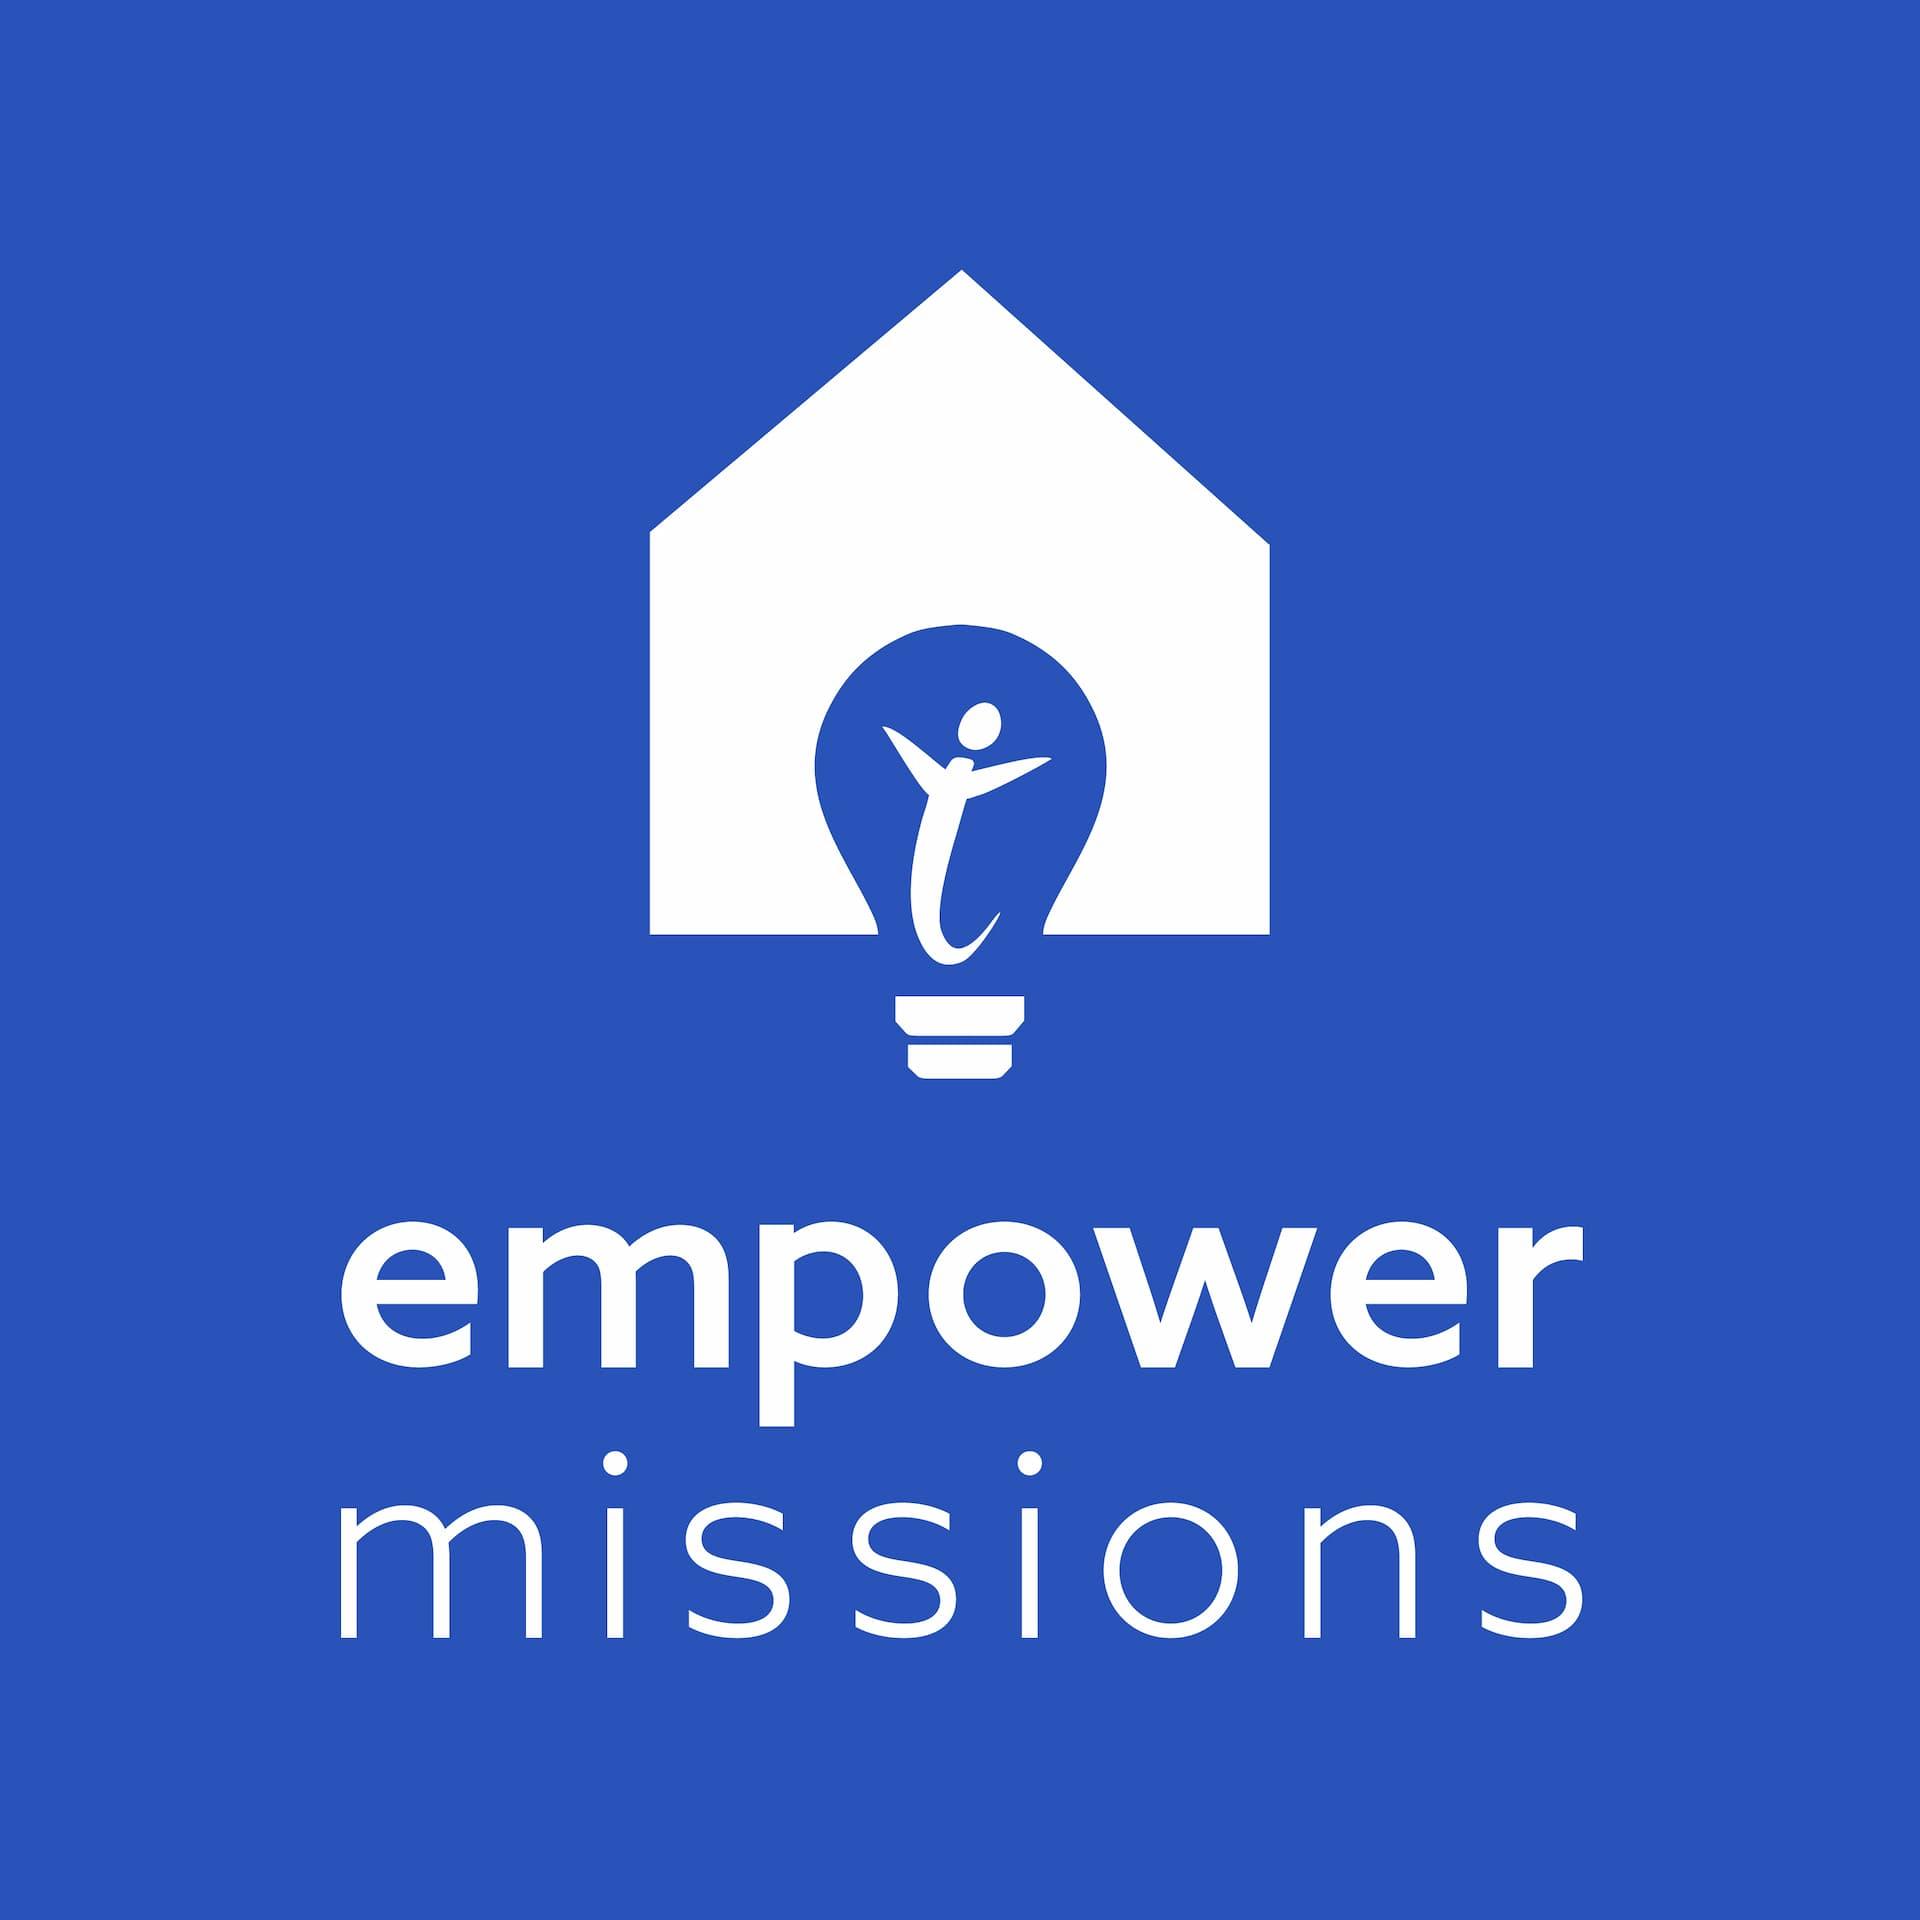 logodesign, empower
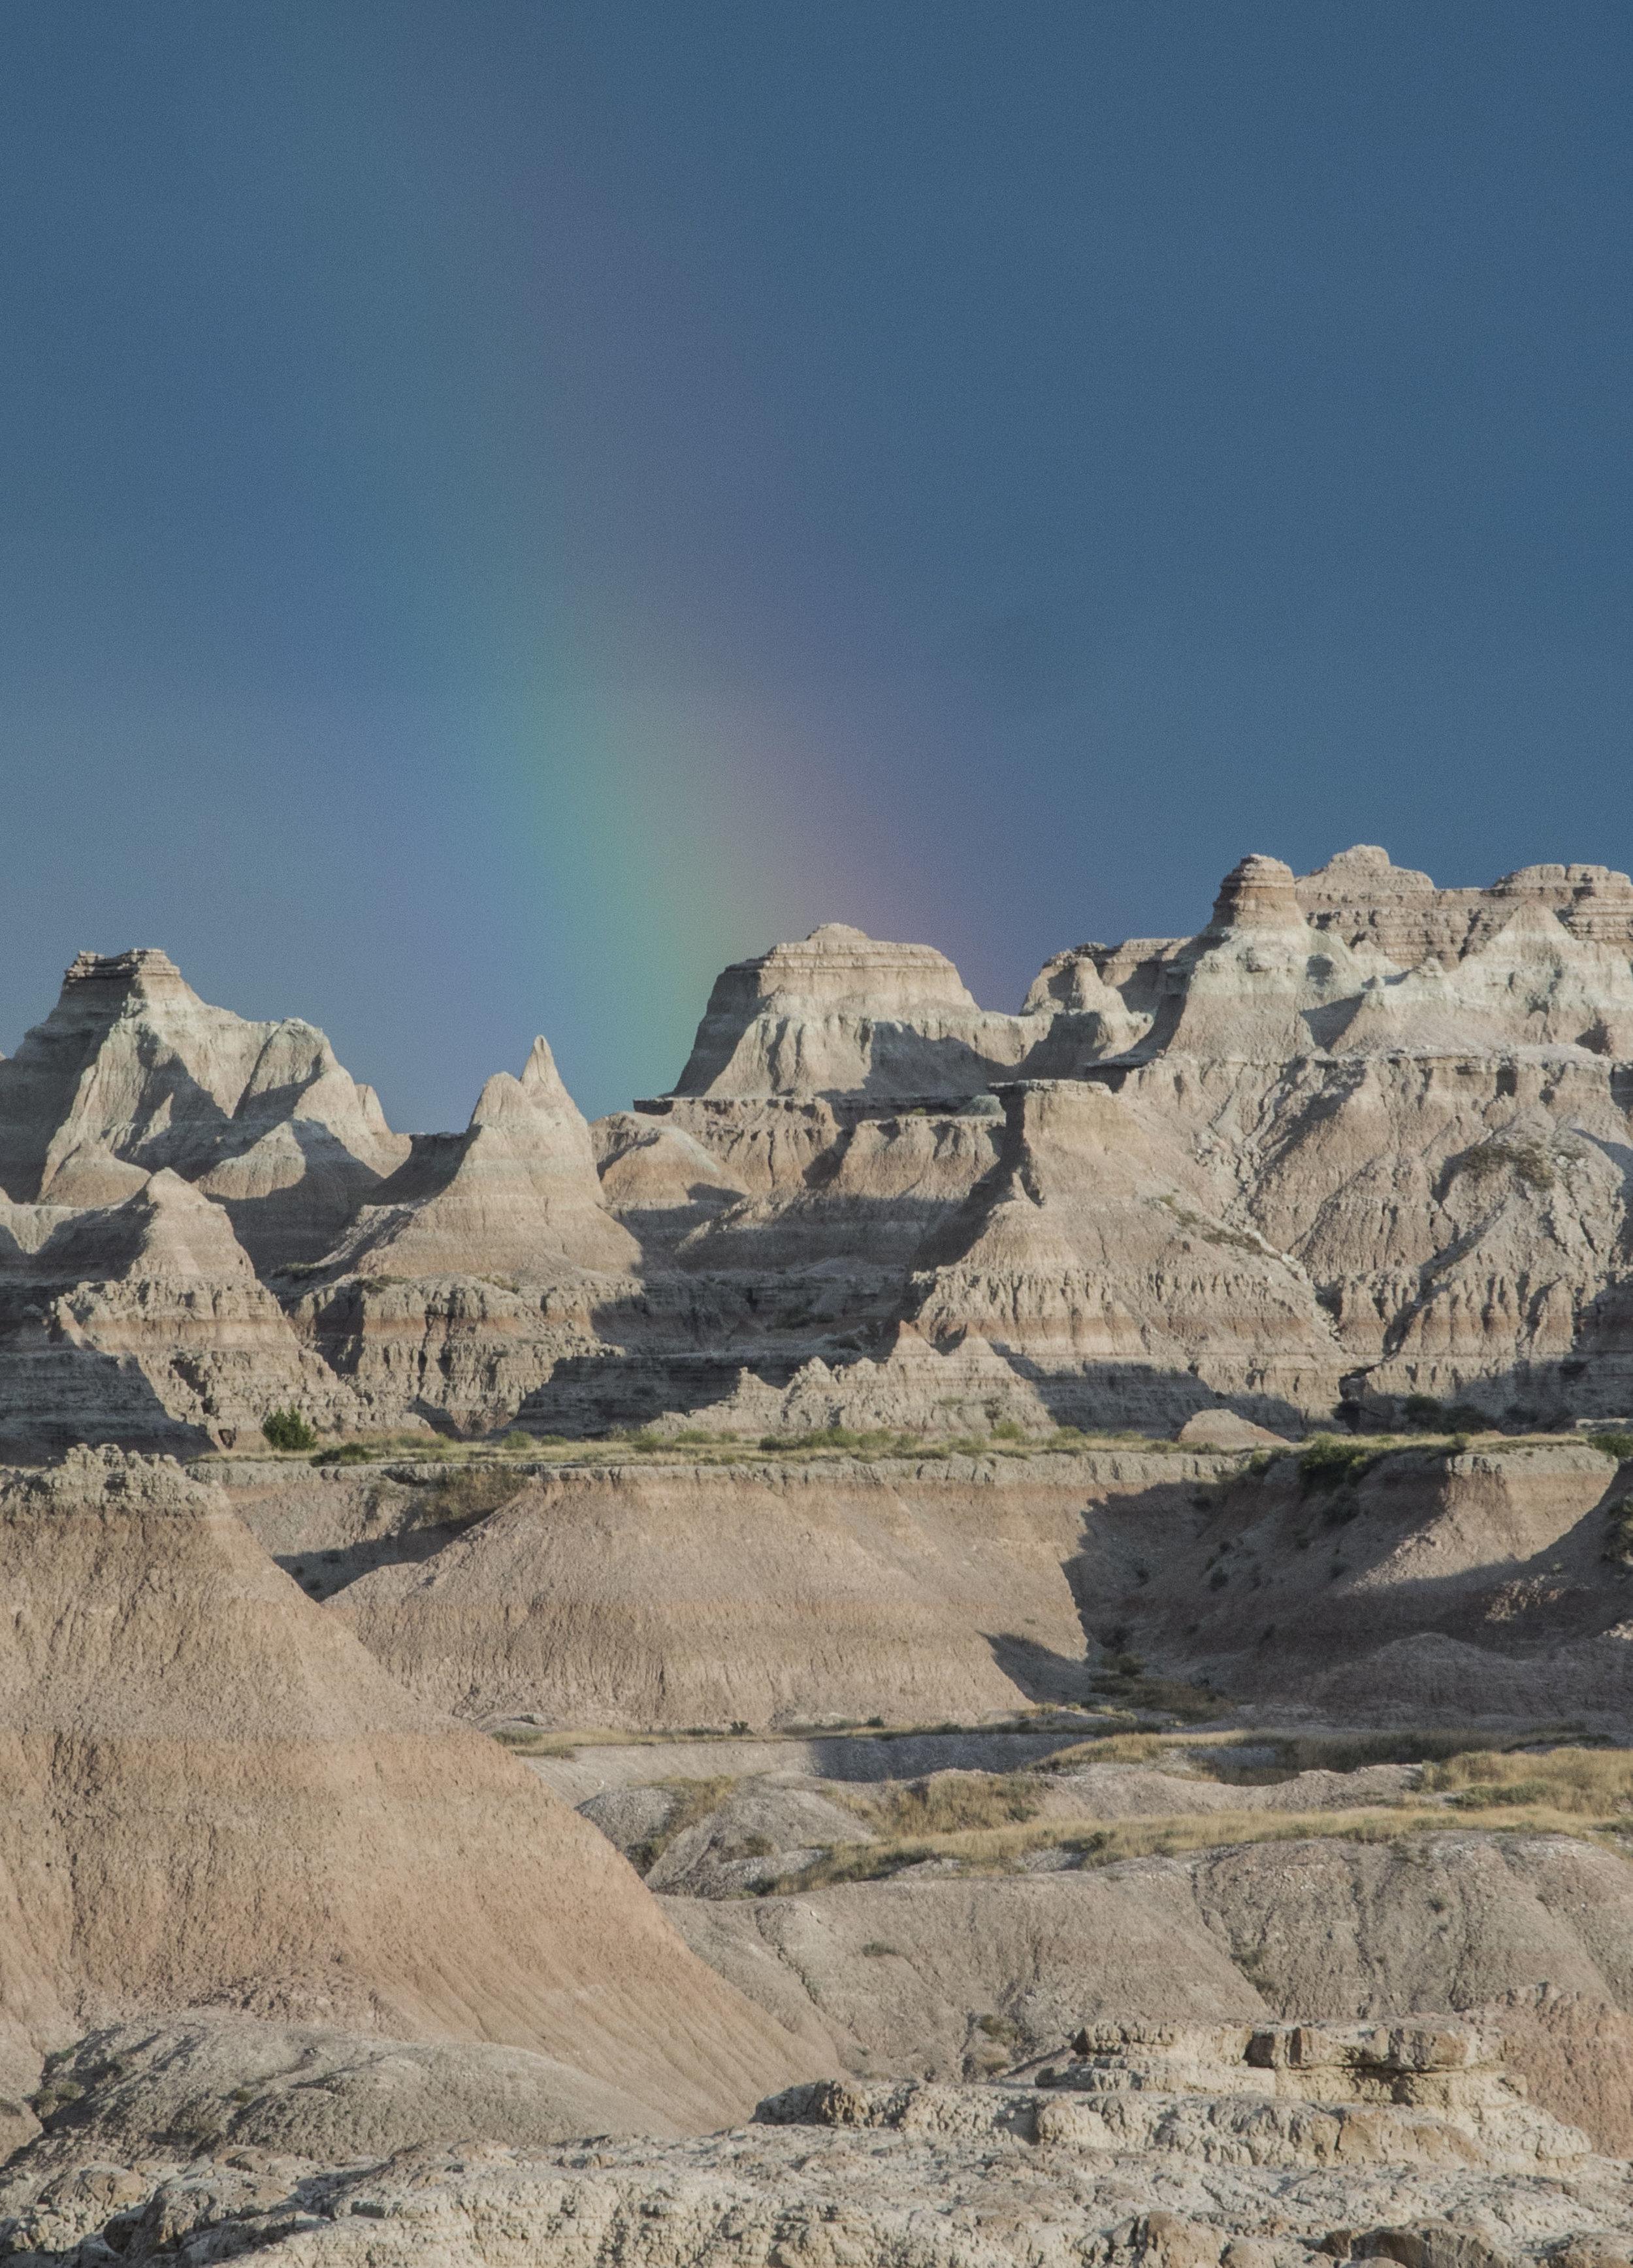 A rainbow precedes an evening thunderstorm in Badlands National Park, South Dakota in August 2016. (Megan Perra)
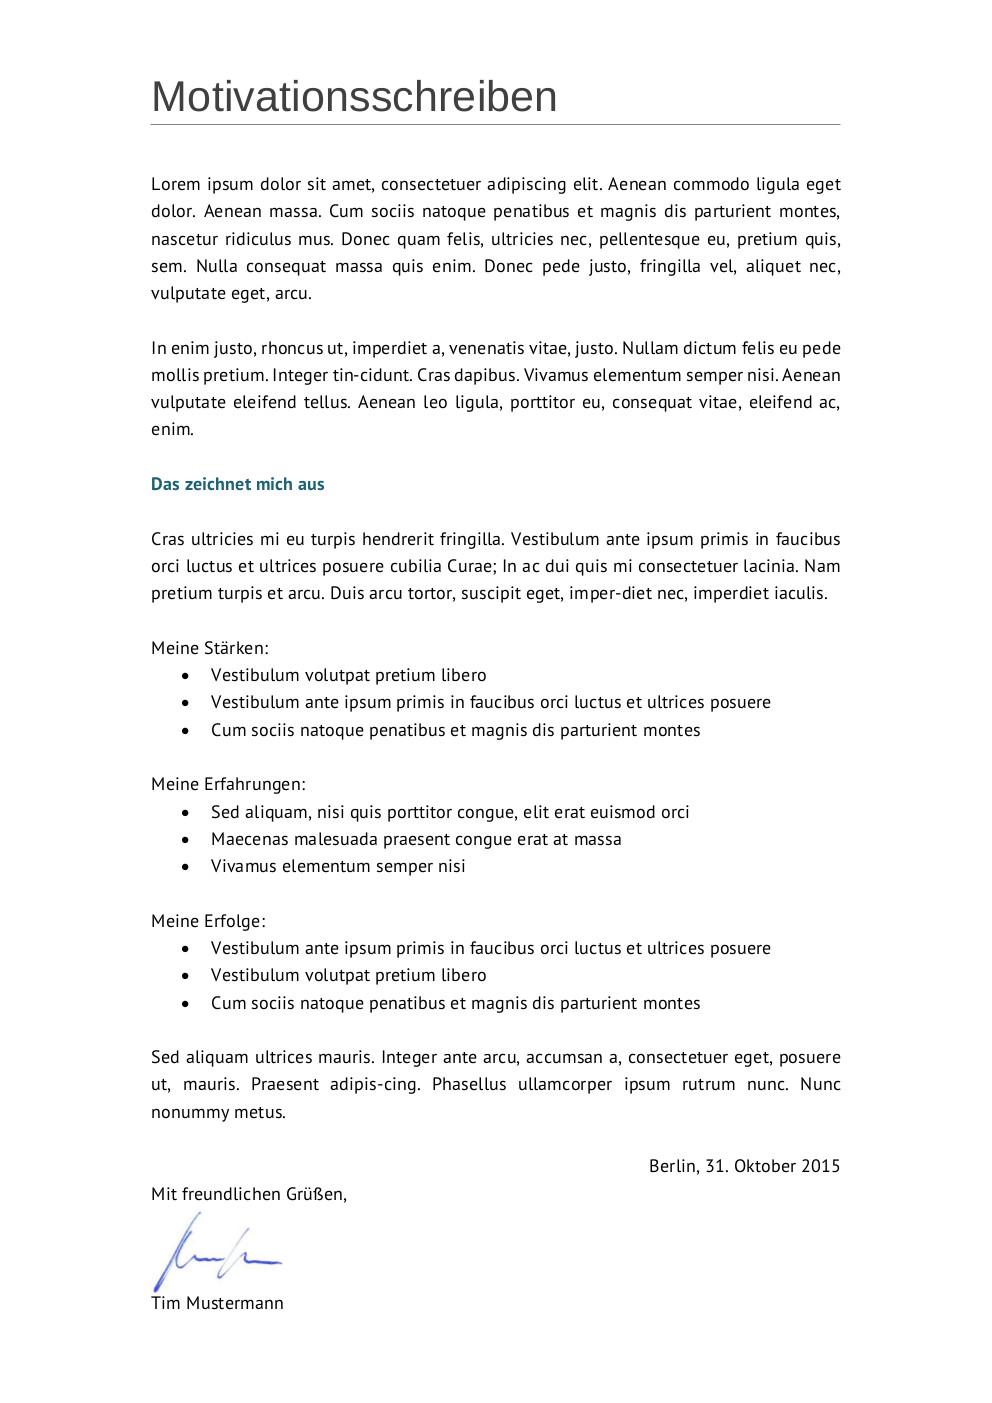 Bewerbungsmuster Techniker | Lebenslauf Designs

### AIM OF THE TASK
Nothing should be printed except the lines from the one with "A rainbow precedes" through the last line of the listing above, both ends included; please drop the pictures.

### EXERCISE RESULT
 A rainbow precedes an evening thunderstorm in Badlands National Park, South Dakota in August 2016. (Megan Perra)
 Bewerbungsmuster Techniker | Lebenslauf Designs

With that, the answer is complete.